A stream descriptor is a JSON document that contains all of the information about a stream. In general, an input stream reads records from an underlying transport, optionally verifies, and feeds them to models. The output stream acts similarly, but in the reverse order. Stream descriptors are required for the engine to read input and produce output, and can additionally be used to enforce input and output typing using Avro schema.

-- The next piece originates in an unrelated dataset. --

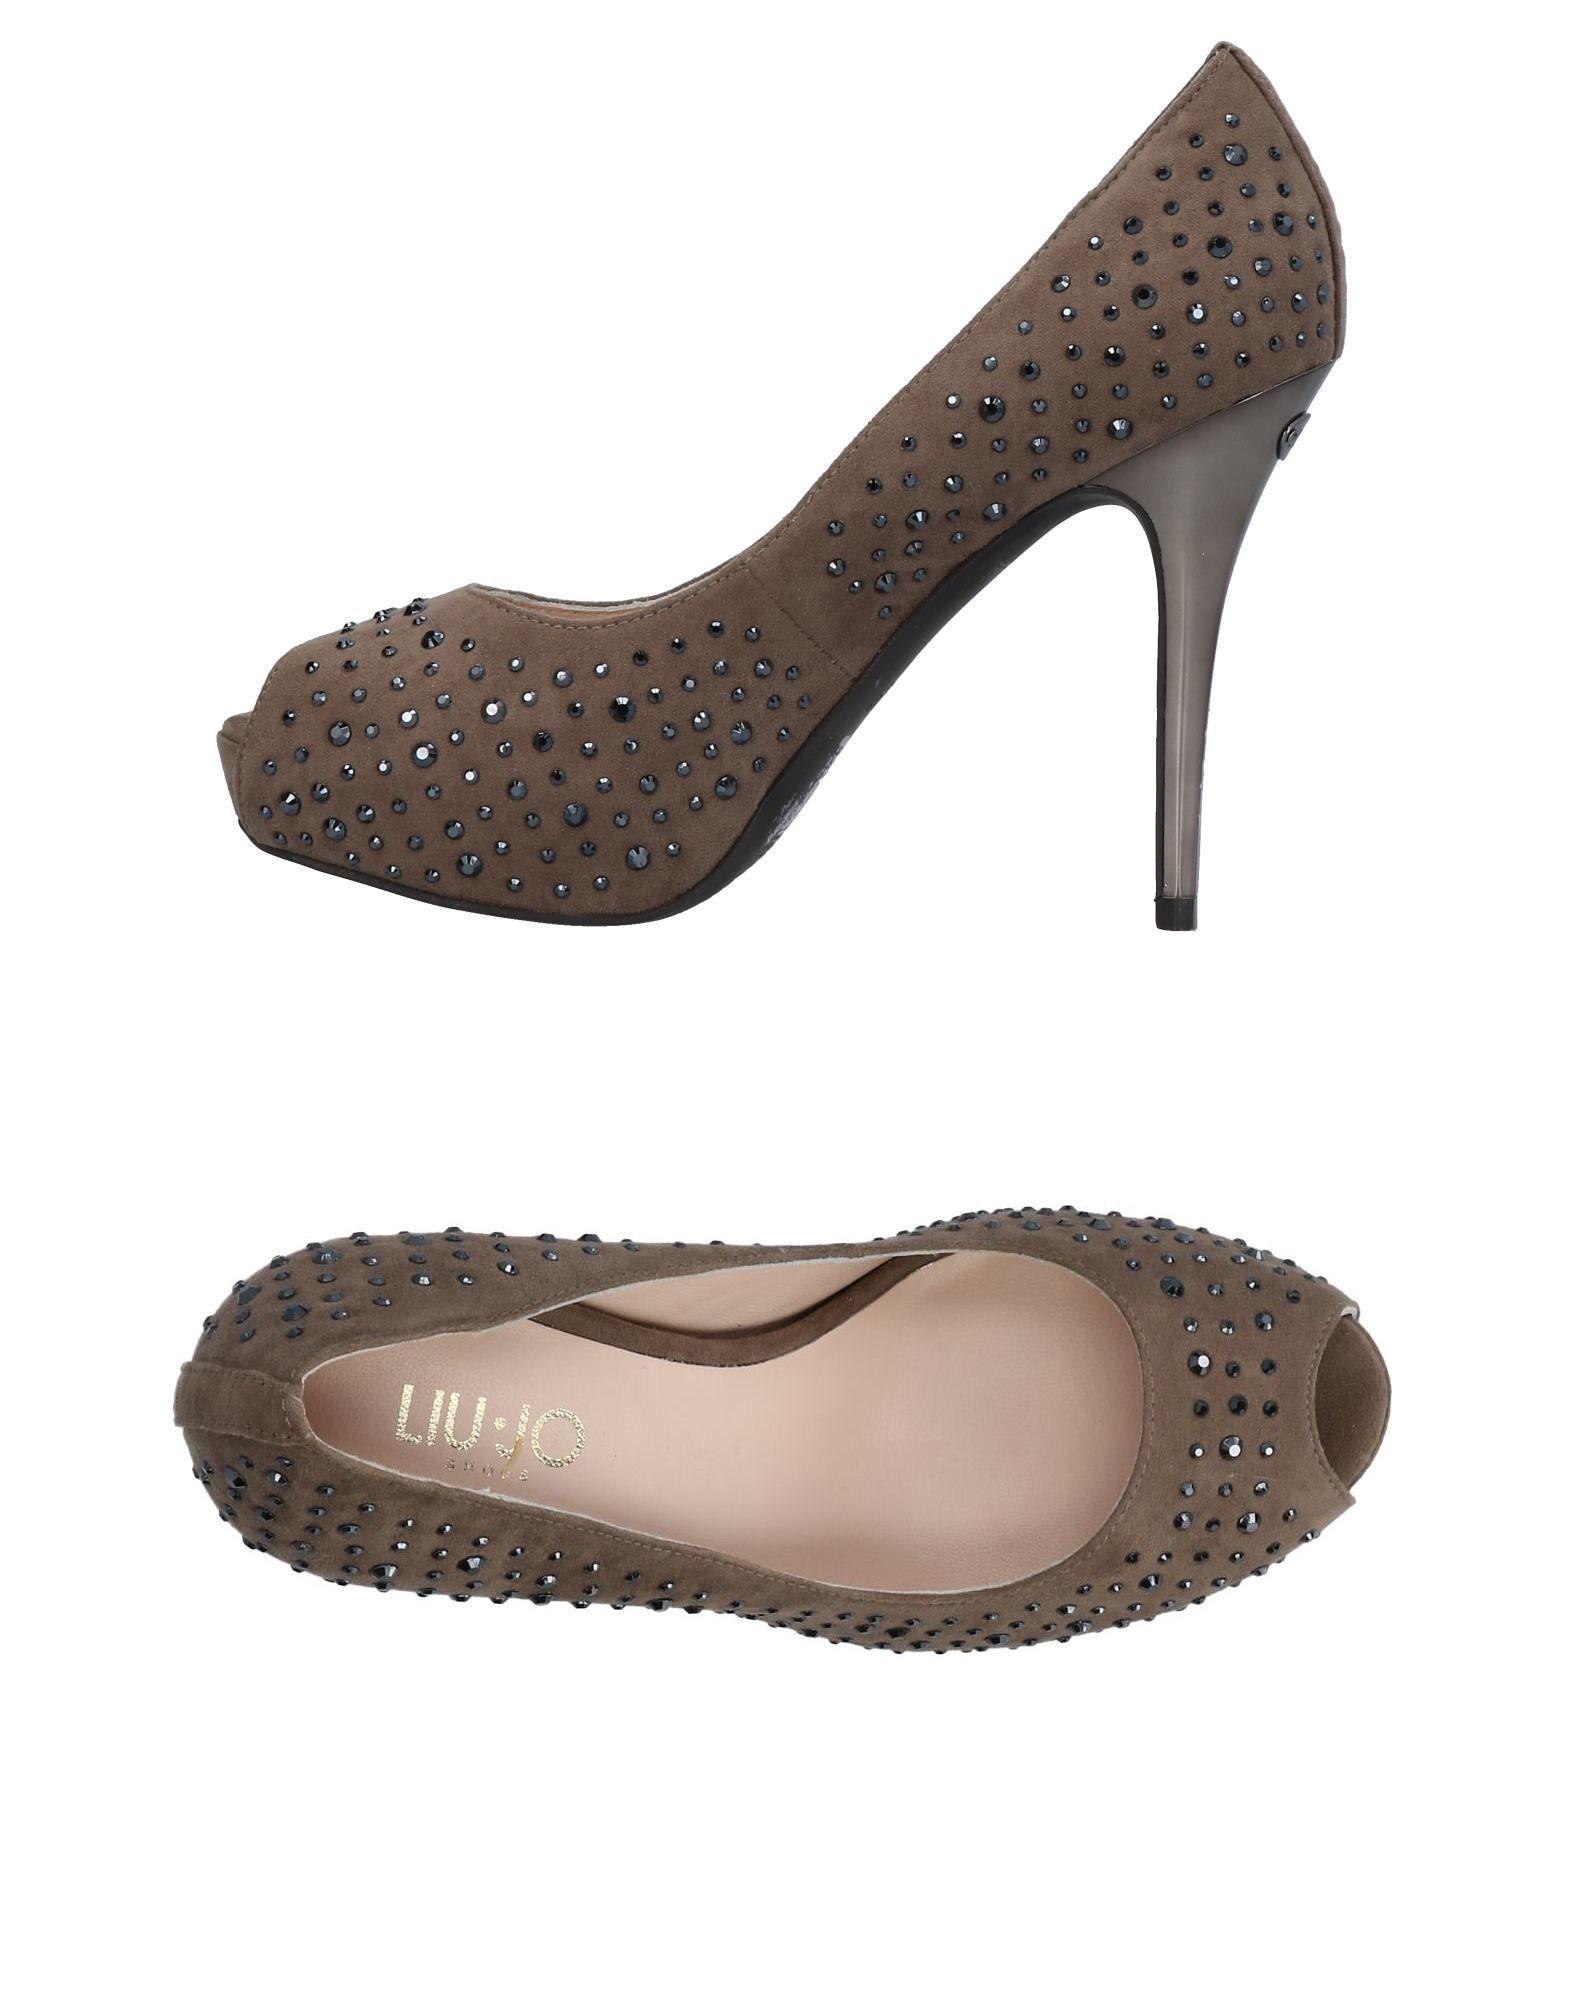 Liu •Jo Gute Shoes Pumps Damen  11229719GJ Gute •Jo Qualität beliebte Schuhe 3a3a12

By convention, all field names of a stream descriptor start with a capital letter and do not use punctuation. Many fields of a stream descriptor have default values that depend on values of other fields. If a field is omitted, it is set to a default value. Sometimes, you may need to explicitly set field to null to avoid this behavior. For example, if omitted, a LingerTime is set to 3000 (milliseconds). To disable lingering when the output stream closes you need to set this property to null.

Some fields accept shortcut values. For instance, you may set the Transport field to "discard" string instead of the equivalent yet more verbose {"Type": "discard"} object.

Field Descriptions

A basic template for a stream descriptor is below. Note that the type of transport used will determine which fields in the Transport section are needed.

{
  "Description": "A stream descriptor template",

  "Transport": {
    "Type": "REST" | "HTTP" | "Kafka" | "S3" | "file" | "ODBC" | "TCP" | "UDP" | "exec" | "inline" | "discard",
    ...
  },
  "Encoding": null | "json" | "avro-binary" | ...,
  "Envelope": null | "delimited" | ...,
  "Schema": { ... },
  ...
}

The best way to verify a newly-constructed stream descriptor is to use the fastscore stream verify command described here.

Common Fields

The following table describes the common fields used in stream descriptors. Fields in italics are optional.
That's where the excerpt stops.